Crítica

[Crítica] A Morte de J. P. Cuenca (2015)

A primeira cena do filme A Morte de J. P. Cuenca é no escritório de um investigador particular. O escritor J. P. Cuenca, que atua e dirige o filme, se queixa de estar morto. É este tom de surrealismo e incerteza que permeia toda a obra. Não, não foi ele mesmo quem morreu. Foi alguém que tem o mesmo nome.



A questão traz, como era de se prever, alguns entraves burocráticos para a vida do escritor. De início, é apenas assim que ele trata a morte do seu homônimo: como um contratempo muito esquisito. Está um tanto leve ainda, risonho, quando conversa com um amigo num bar e explica a situação.

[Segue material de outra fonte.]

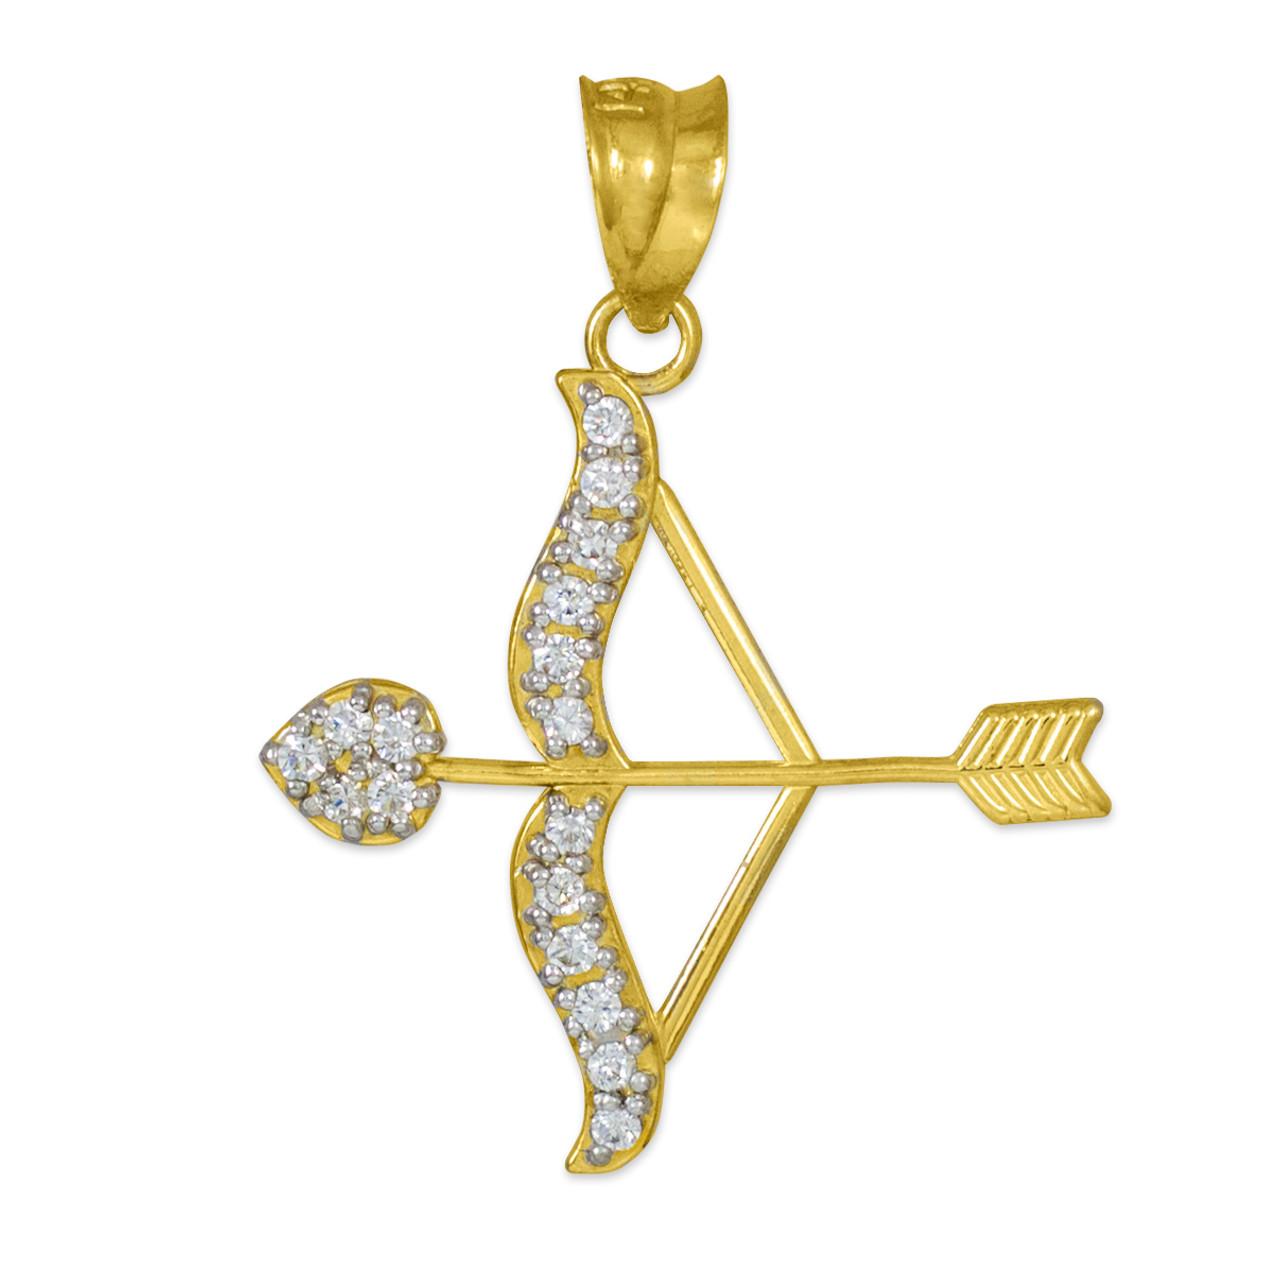 Arrow Bow Pendant | Bow and Arrow Pendant | Gold Bow Arrow ... Gold Bow And Arrow

Aos poucos o clima de paranoia vai se instalando no filme e a partir daí o espectador nunca está muito certo do que se passa realmente, é como se tivesse sido sugado para o ânimo absolutamente instável do personagem. Indagações de ordem existencial vão tomando conta dele, impossibilitando a sua ação rotineira e, em seguida, sua ação sobre qualquer outra dimensão da vida.

Há um jogo de linguagem que brinca com o gênero do documentário, motivo pelo qual parte da crítica tem chamado atenção ao caráter duplo do filme – já que a história aconteceu mesmo ao autor no ano de 2008 –, mas o elemento documental, construído a partir de aleatórias entrevistas e recursos comuns ao gênero, não fazem do filme mais que uma ficção delirante e corrosiva. É nisso que a obra é forte.

A mistura dos gêneros no filme, na verdade, funciona para dilapidar ainda mais a identidade desse personagem. Incerto sobre a coisa mais fundamental e primeira, seu próprio nome, ele se deixa levar pelo caldo surreal que seus dias se tornaram. Ele não apenas morreu; ele está mudando de apartamento, constantemente se vê em frente de paisagens que também passam por mudanças ou estão sendo destruídas no caótico Rio de Janeiro contemporâneo, ele recebe ameaças, ele é visitado por lembranças (especialmente por um antigo amor, interpretado perfeitamente por Ana Flávia Cavalcanti) ou vestígios delas.

O ritmo sempre constante e elíptico dá muita vivacidade à obra, que oferece ao espectador atento  uma experiência rica e única. Detalhes menores de atuação e certos momentos mais fracos de roteiro não comprometem o filme como um todo. É uma excelente estreia do escritor e agora diretor J. P. Cuenca.